20 Zentimeter lange Klinge

Auf dem Weg dorthin fasste er den Ladendieb an den Jackenärmel und bemerkte dabei einen festen Gegenstand: ein Fleischermesser mit 20 Zentimeter langer Klinge, das sich der Mann unter den Arm geklemmt hatte. „Diebstahl mit Waffen“, lautet in solchen Fällen der Vorwurf und die gesetzliche Freiheitsstrafe bewegt sich dann in einem Strafrahmen zwischen sechs Monaten bis zu zehn Jahren Gefängnis. Die zuständige Amtsrichterin erließ deshalb direkt nach der Tat einen Haftbefehl.

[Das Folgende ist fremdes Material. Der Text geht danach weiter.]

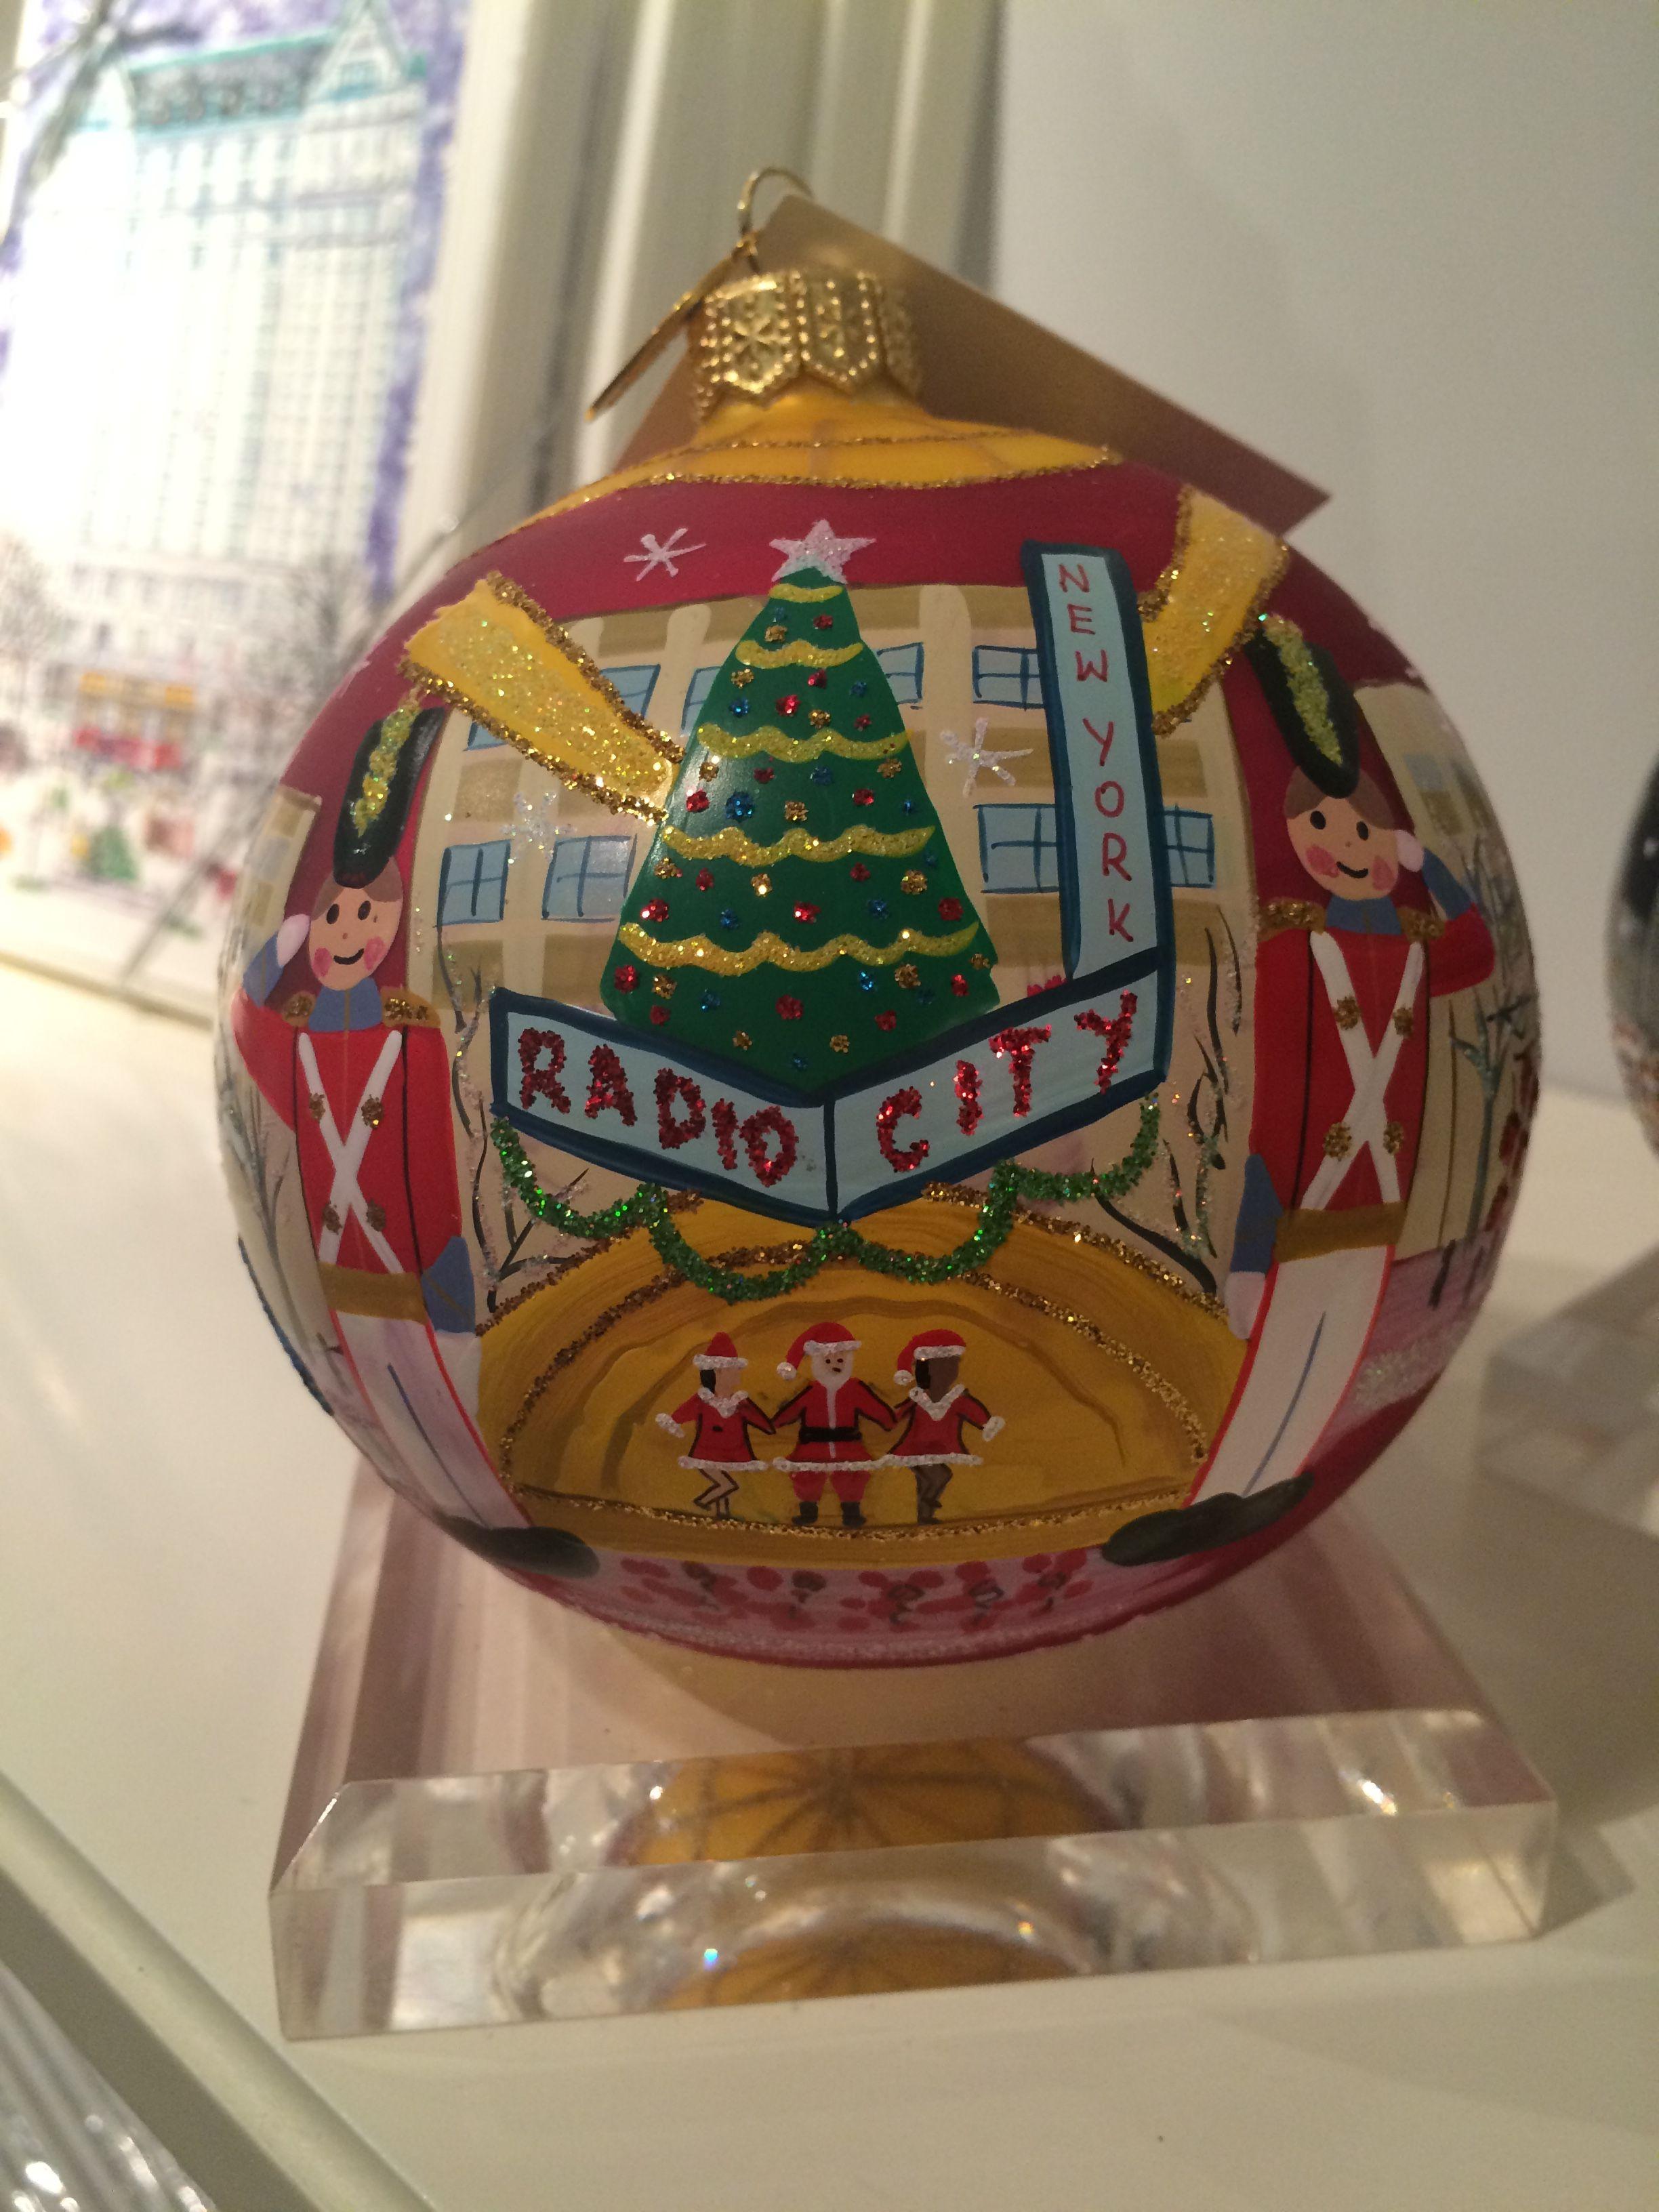 My Rockefeller Center Ornament #Christmas #ornament #NY4Seasons #nyc ...

Nachdem der Schokoladen-Dieb fünf Tage in Untersuchungshaft verbracht hatte, wurde er am Montagmittag Amtsrichter Kirschner vorgeführt. Mit einem festen Wohnsitz in Deutschland wäre er wohl gar nicht erst in Haft gekommen. Doch ohne festen Wohnsitz hierzulande bot es sich an, den Fall im beschleunigten Verfahren zu verhandeln. Der Ungar räumte die Tat ein, er hätte großen Hunger gehabt. In Deutschland wisse er nicht, wo er bleiben soll, ohne Wohnung und ohne Arbeit und ohne Geld: „Überall, wo ich hingehe, bin ich fremd. Aus Ungarn wurde ich auch weggejagt. Ich weiß nicht mehr, was ich machen soll.“

Letztlich eine Geldstrafe

Besser als den ihm zur Seite gestellten Pflichtverteidiger hätte der Angeklagte wohl einen Sozialarbeiter gebraucht. Aber schnell wurde, übersetzt durch einen Dolmetscher, deutlich, dass das während der Tat mitgeführte Schlachtermesser nicht dazu dienen sollte, die erbeuteten Schokoladen-Tafeln im Ernstfall zu verteidigen oder womöglich einen Ladendetektiv abzuwehren: „Das ist ganz wichtig, sonst säßen Sie beim Landgericht und wir wären beim Raub“, machte Richter Kirschner dem Angeklagten deutlich.

Da er bisher in Deutschland das erste Mal als Ladendieb aufgefallen ist, konnte es bei der Verurteilung zu einer Geldstrafe bleiben: Diebstahl mit Waffen in einem minder schweren Fall, 900 Euro Geldstrafe, das Messer wird amtlich eingezogen. Für den Verurteilten das Wichtigste: Er wurde auf der Stelle aus der Untersuchungshaft entlassen. Offen ist, ob es beim vorläufigen Happy-End bleiben wird: ohne Geld, ohne Unterkunft, ohne Arbeit, ohne Sprachkenntnisse - ganz allein in einem fremden Land.

Und sollte er die 900 Euro Strafe nicht bezahlen, wird er eines Tages zurück ins Gefängnis müssen: 90 Tage, wegen drei Tafeln Schokolade.